Remember you only get one body... so treat it right... it's ain't a car where you can buy a new one once you wreck it.


----------



## Bert (27 Dec 2005)

Check out Paracowboy's threads in Training.  Good useful info there.  As George
says, seeing your Doctor and a Dietician will give you objective information.

Don't focus on loosing significant weight.  Check your fitness level using the self-test
provided in the application package or on the CF's recruiting site.  Your fitness level is
more important and may be better served in the next weeks training cardio, strength and
endurance.  Eat enough to take the hunger away but avoid over-eating.  Cross-train with
weights, aerobics, circuit training, running, and distance power walks/marchs.

If you train in the gym, try to work out earlier in the day to maximize your metabolism.
Eat several smaller balanced meals a day, once in the morning, snack, lunch, snack, and 
supper.  Make sure you rest on rest days in order to avoid over-training injuries.  

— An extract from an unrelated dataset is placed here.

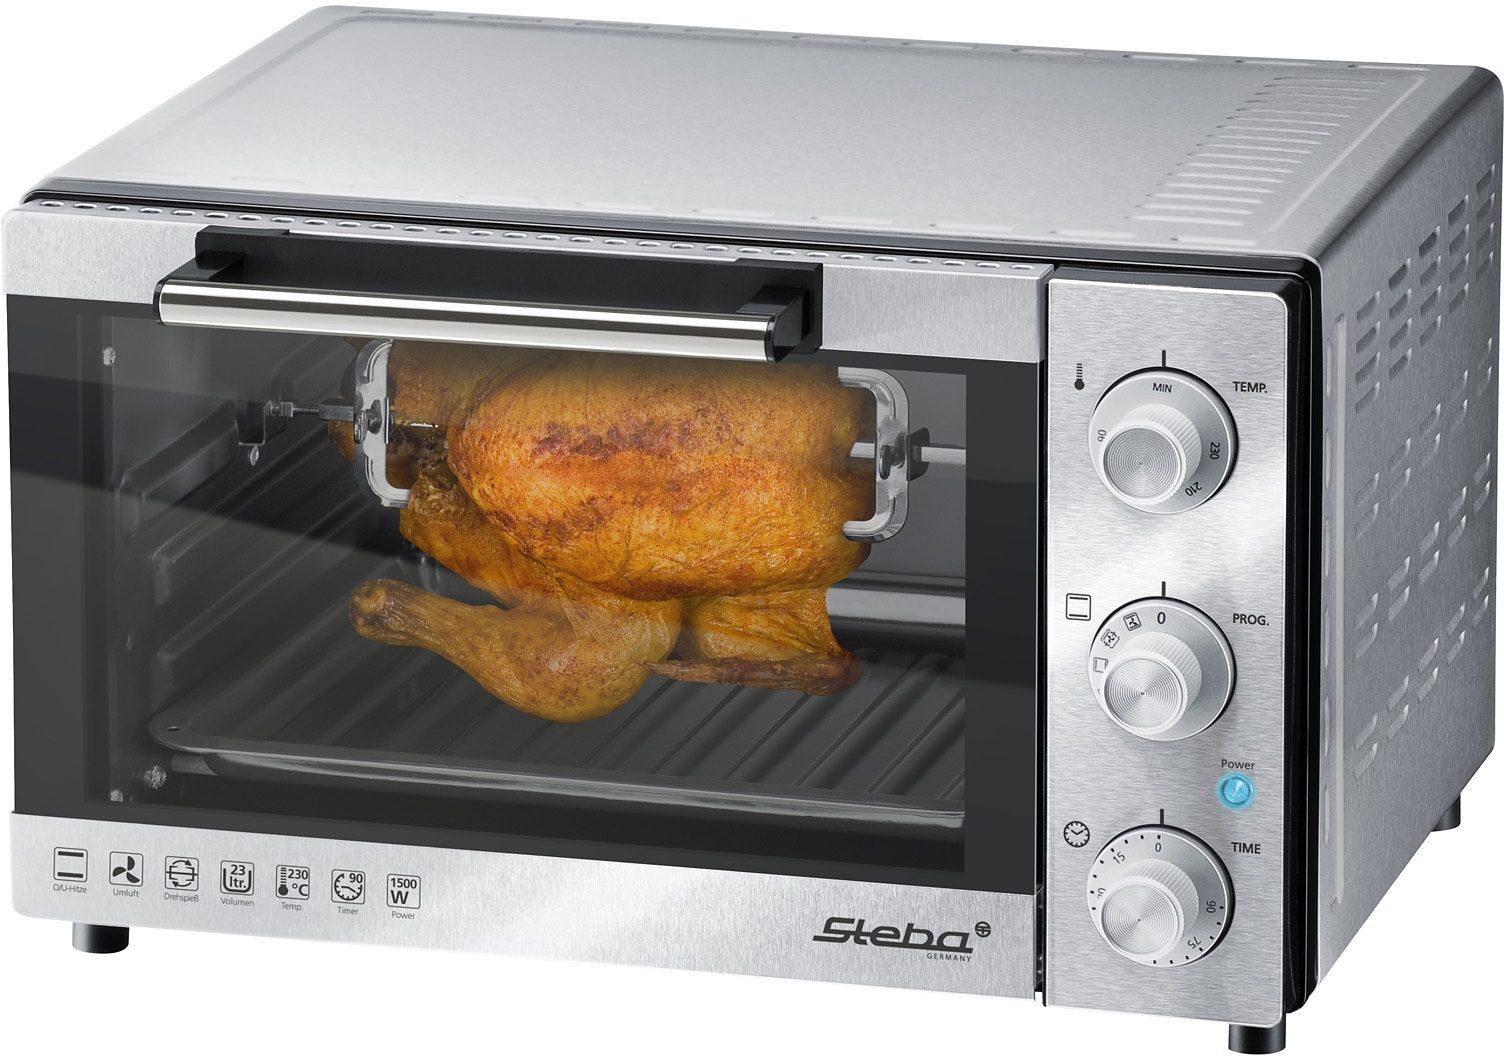 Steba Minibackofen KB 23 1500 W | Küche und Esszimmer > Küchenelektrogeräte > Küche Grill | Steba
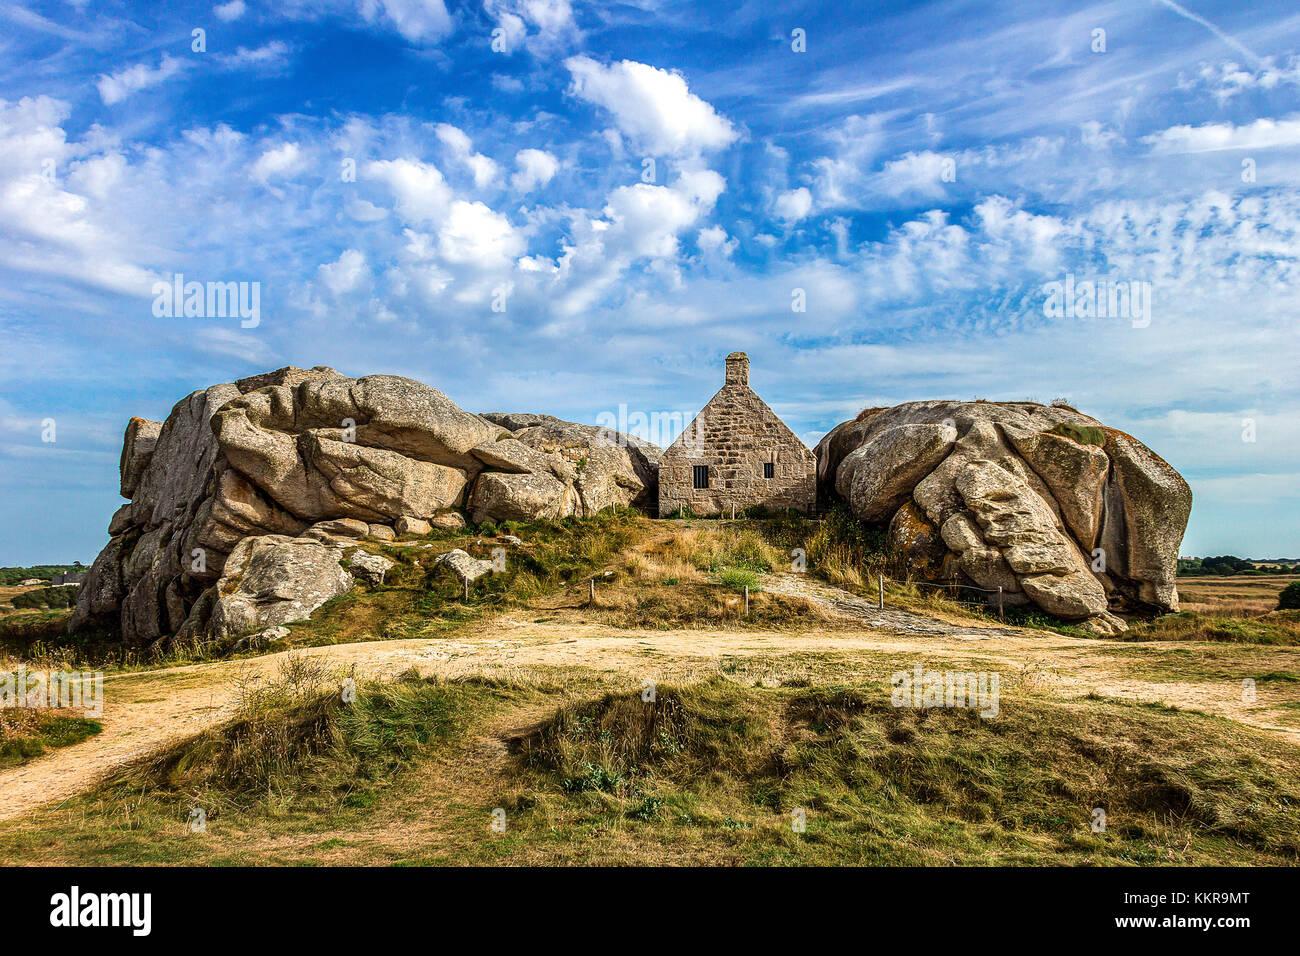 Maison dans les rochers meneham kerlouan france banque for Achat maison kerlouan

In BMQ, you'll loose alot of weight.  Remember, after you get out of BMQ, reduce your
eating habits.  The physical tempo of post-BMQ (depends on element and trade) won't
be as high and one doesn't want to put the weight back on again.

If anything, focus on your cardio and endurance.  Good luck.


----------



## Fishbone Jones (27 Dec 2005)

All the information you need is already available here. Search around a little, starting with paracowboy's thread.


----------